What the exercise asks — Below is a listing; transcribe it exactly but without any images.
*** Opening Data below ***
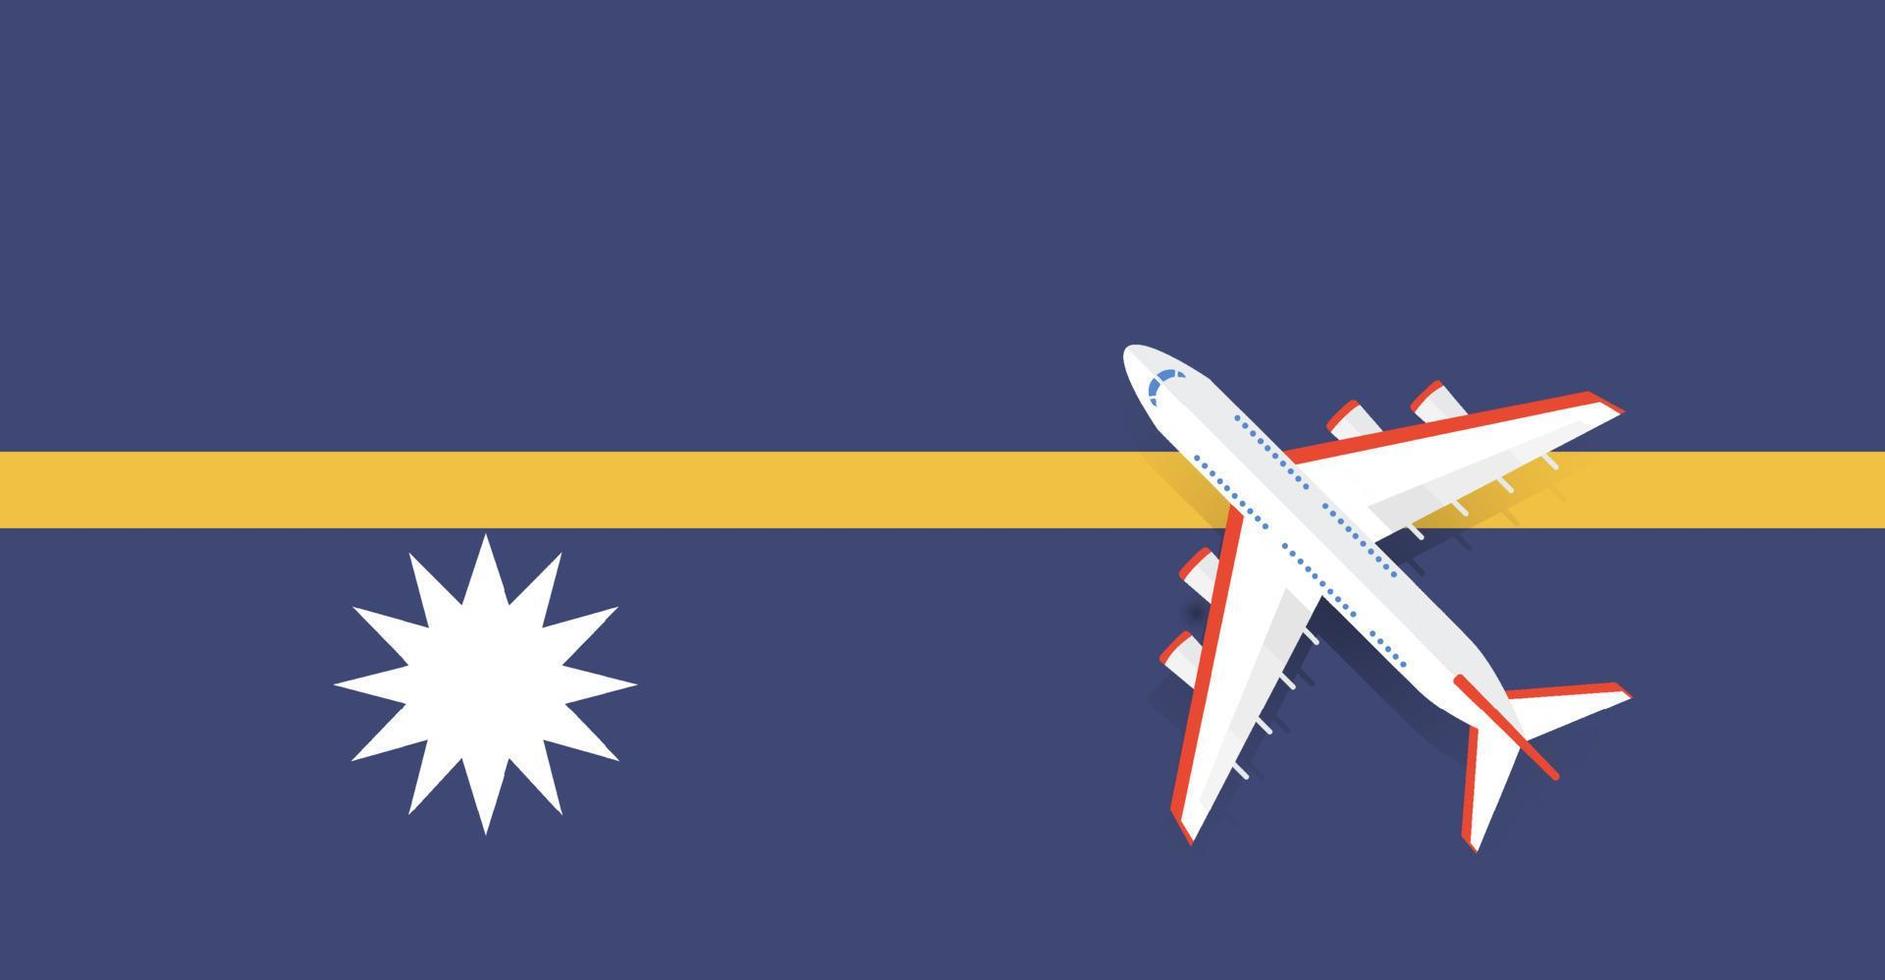 Vector Illustration of a passenger plane flying over the flag of Nauru. Concept of tourism and travel
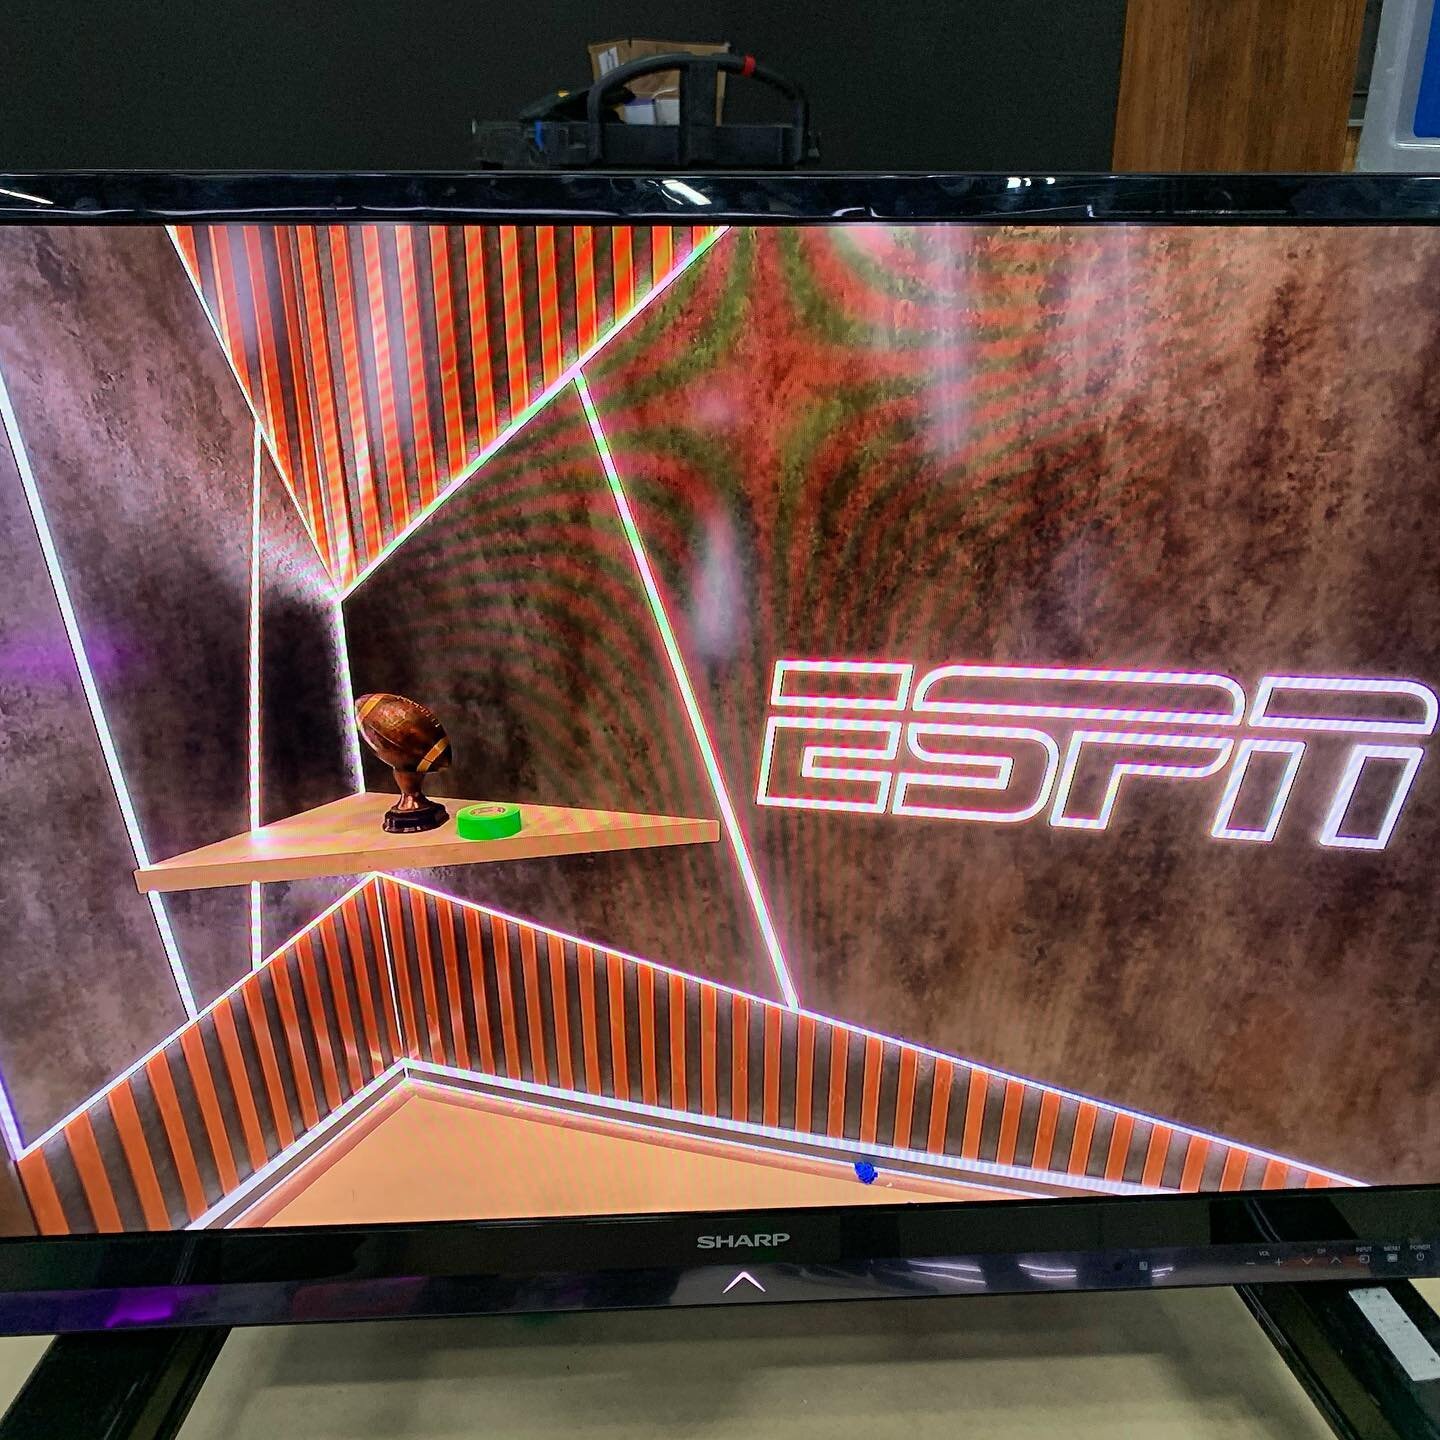 We just found out we&rsquo;ve won the Broadcast Production Award #newscaststudio for 2020 Sports Set Design for #espn #studioe 

Congrats to ESPN, @mysticscenic , and my awesome team!

#setdesign #setdesignaward #espn #setdesignlife #broadcastsetdesi
*** Closing Data below ***
Solution for this exercise —
 Vector Illustration of a passenger plane flying over the flag of Nauru. Concept of tourism and travel
 We just found out we&rsquo;ve won the Broadcast Production Award #newscaststudio for 2020 Sports Set Design for #espn #studioe 

Congrats to ESPN, @mysticscenic , and my awesome team!

#setdesign #setdesignaward #espn #setdesignlife #broadcastsetdesi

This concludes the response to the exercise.